John Doe v. City of Clawson

915 F.2d 244, 1990 U.S. App. LEXIS 17186, 1990 WL 140048
CourtCourt of Appeals for the Sixth Circuit
DecidedOctober 1, 1990
Docket89-2271
StatusPublished
Cited by18 cases

This text of 915 F.2d 244 (John Doe v. City of Clawson) is published on Counsel Stack Legal Research, covering Court of Appeals for the Sixth Circuit primary law. Counsel Stack provides free access to over 12 million legal documents including statutes, case law, regulations, and constitutions.

Bluebook
John Doe v. City of Clawson, 915 F.2d 244, 1990 U.S. App. LEXIS 17186, 1990 WL 140048 (6th Cir. 1990).

Opinion

MILBURN, Circuit Judge.

John Doe 1 appeals the district court’s grant of summary judgment for the City of Clawson, Michigan, in this action challenging the display of a nativity scene on public property. For the reasons that follow, we affirm.

I.

On December 15, 1987, John Doe filed the present action alleging that the City of Clawson, Michigan, intentionally violated his constitutional rights guaranteed by the Establishment Clause of the First Amendment of the United States Constitution by displaying a nativity scene on the front lawn of the Clawson City Hall. Doe’s complaint sought a preliminary injunction, a declaratory judgment, a permanent injunction and monetary damages.

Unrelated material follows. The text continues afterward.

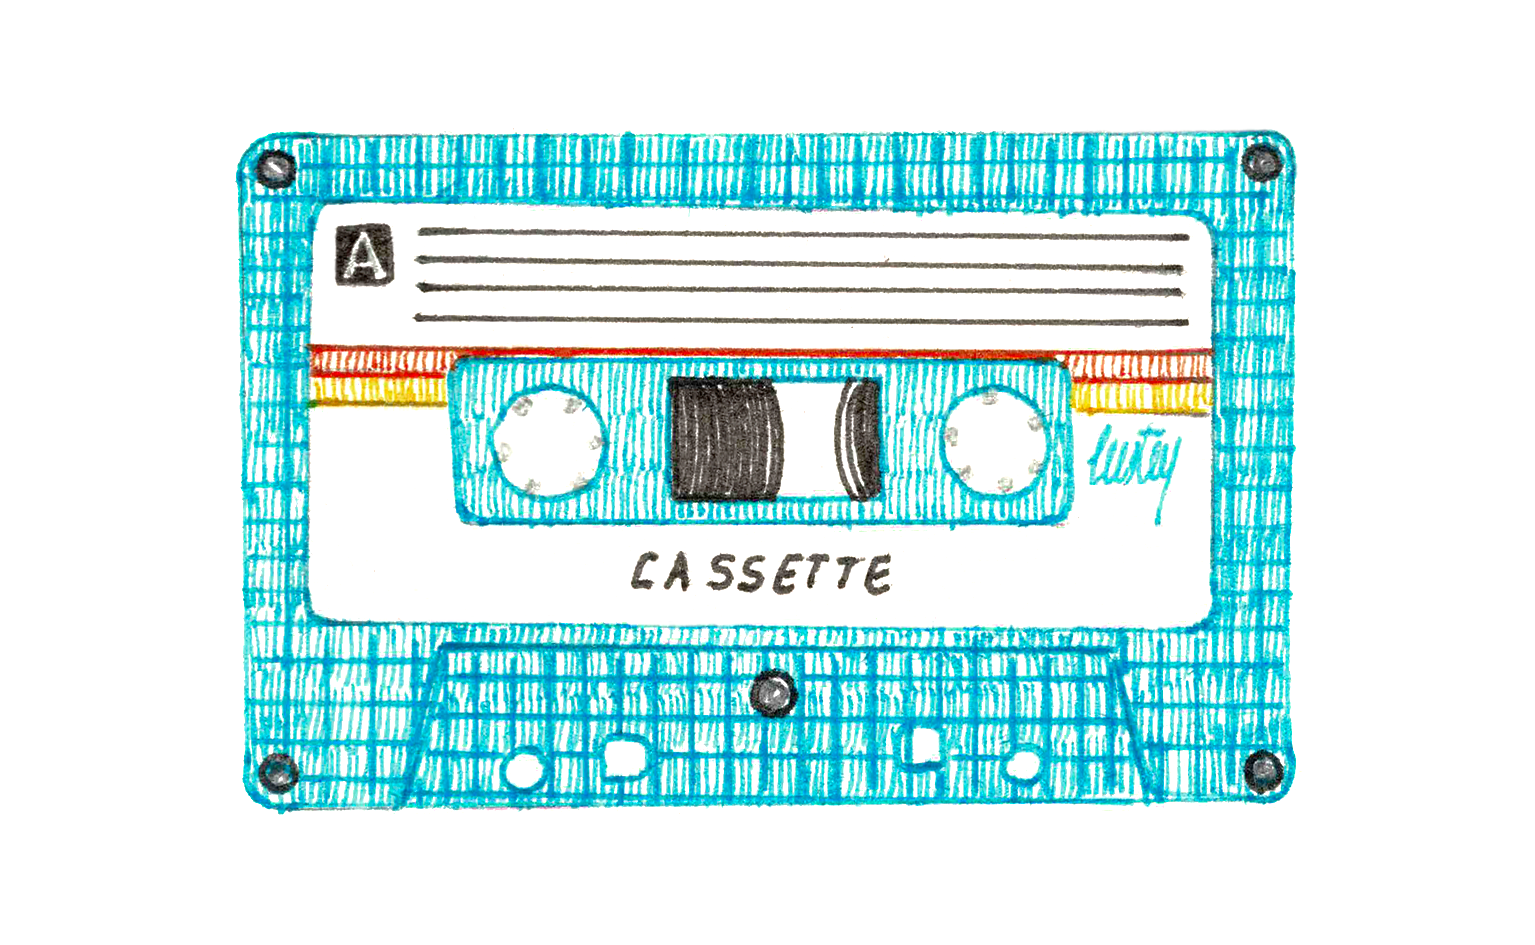 Illustration au stylo encre de couleur d'une cassette audio bleue turquoise

The nativity scene was located at the entrance of the Clawson City Hall. The creche is a lawn display which includes figures of the infant Jesus, Mary and Joseph, all in a stable, and surrounded by a large angel, three kings, three wise men, two shepherds, three sheep, two camels and a donkey. The display also includes four evergreen trees with lights and stars, two Christmas gift packages with large bows, a Santa Claus figure standing nearby at the corner of the building, a large “Noel” sign, and holiday roping on the building. Decorated lampposts, “Seasons Greetings” sign, roping, colored lights and candles adorned the public library across the street from the Clawson City Hall. Both parties submitted photographs and videotape of the creche and the surrounding area to the district court. At oral *246 argument, counsel for plaintiff-appellant John Doe acknowledged that the entire display includes the public library and its decorations.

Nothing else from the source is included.